## Task prompt
Below is a listing; retype exactly the line with "Keadic 316Pcs 8" and every line after it through the end, and only those, leaving out the pictures.

## Raw data
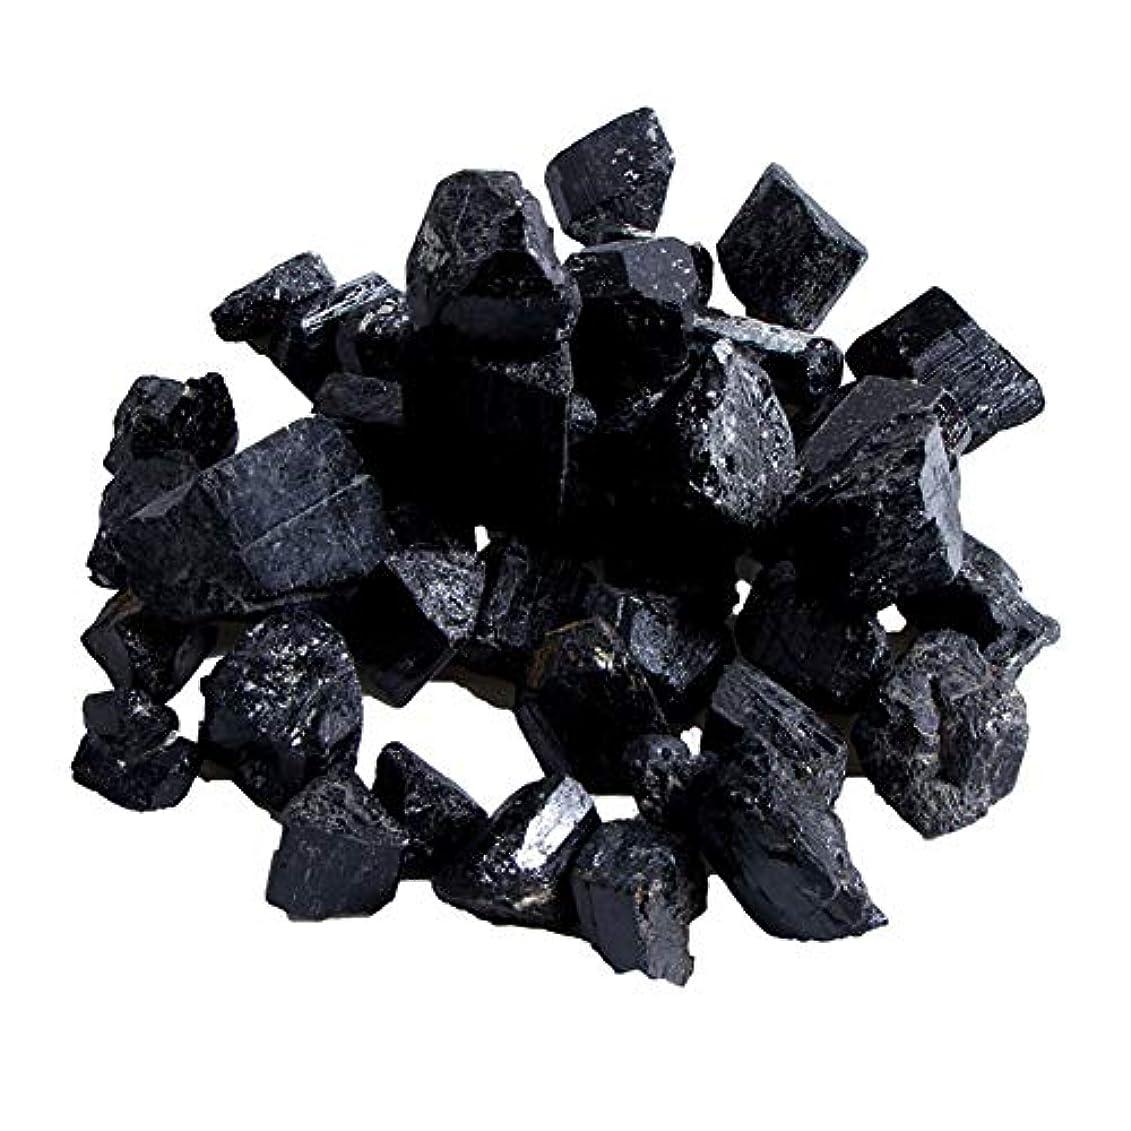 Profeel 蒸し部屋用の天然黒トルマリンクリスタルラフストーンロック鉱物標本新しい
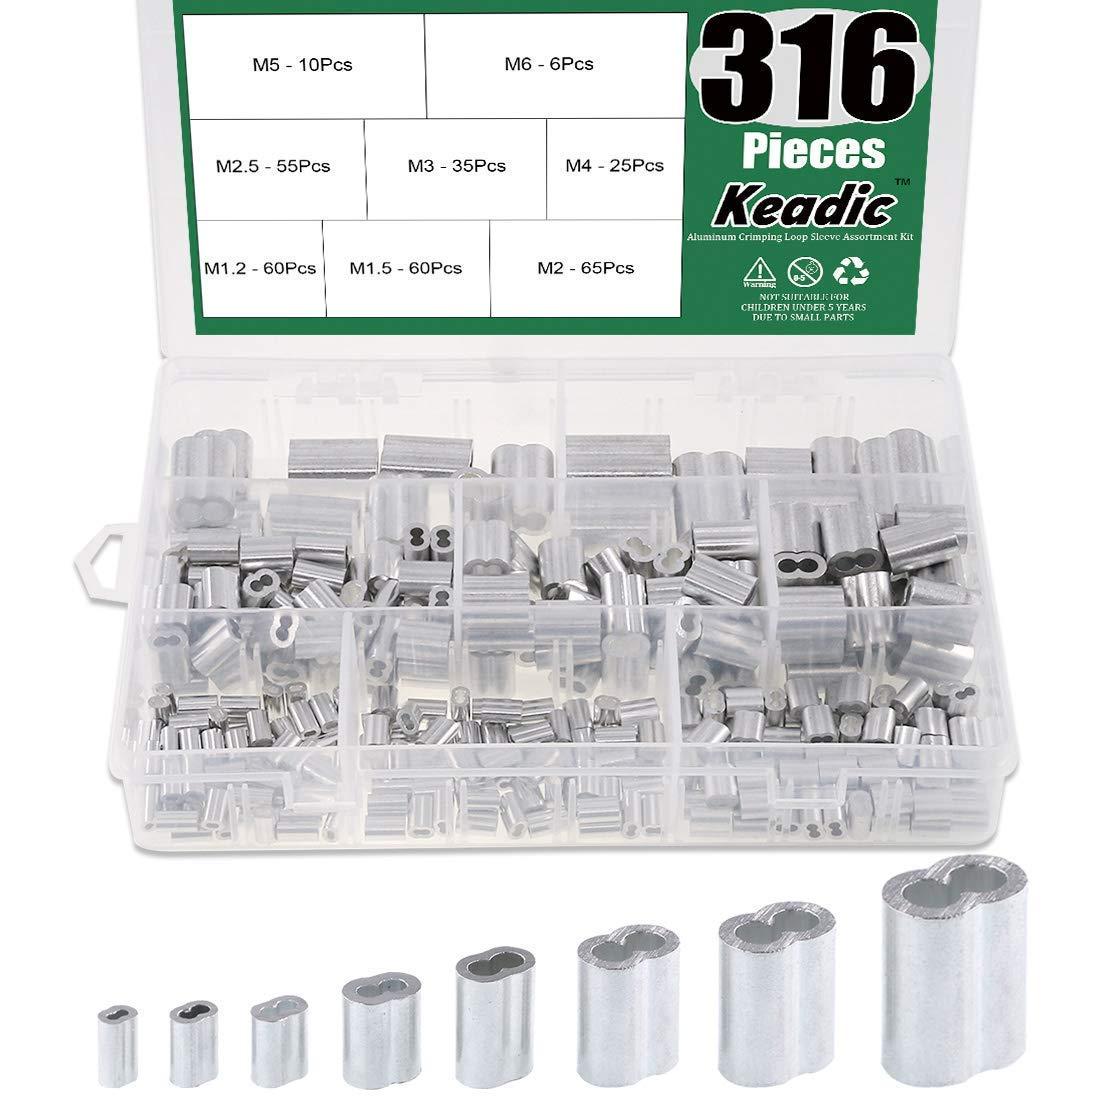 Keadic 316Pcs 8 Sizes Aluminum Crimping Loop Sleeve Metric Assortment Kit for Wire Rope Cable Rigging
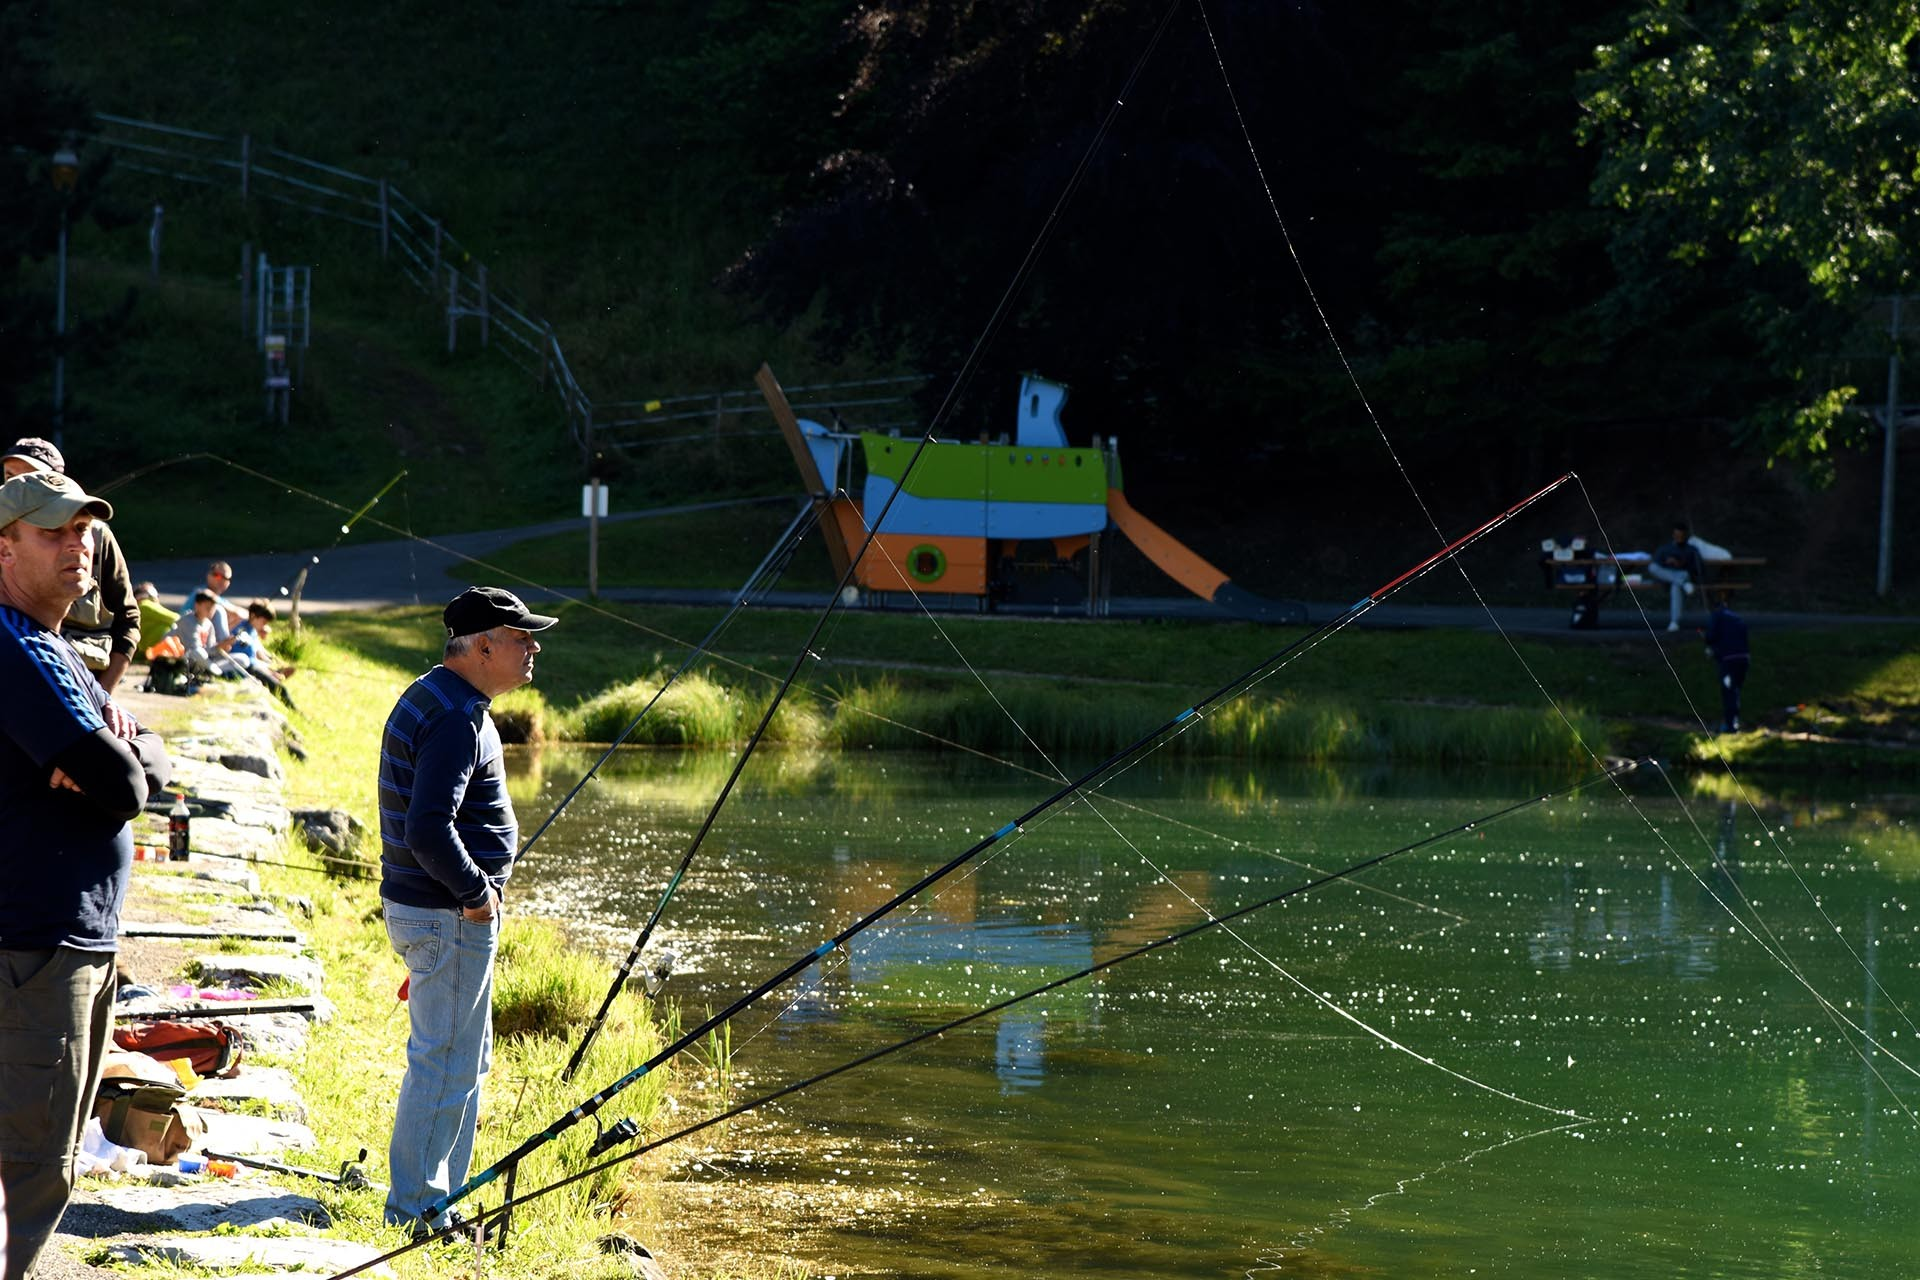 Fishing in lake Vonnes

## Result of the exercise
 Keadic 316Pcs 8 Sizes Aluminum Crimping Loop Sleeve Metric Assortment Kit for Wire Rope Cable Rigging
 Fishing in lake Vonnes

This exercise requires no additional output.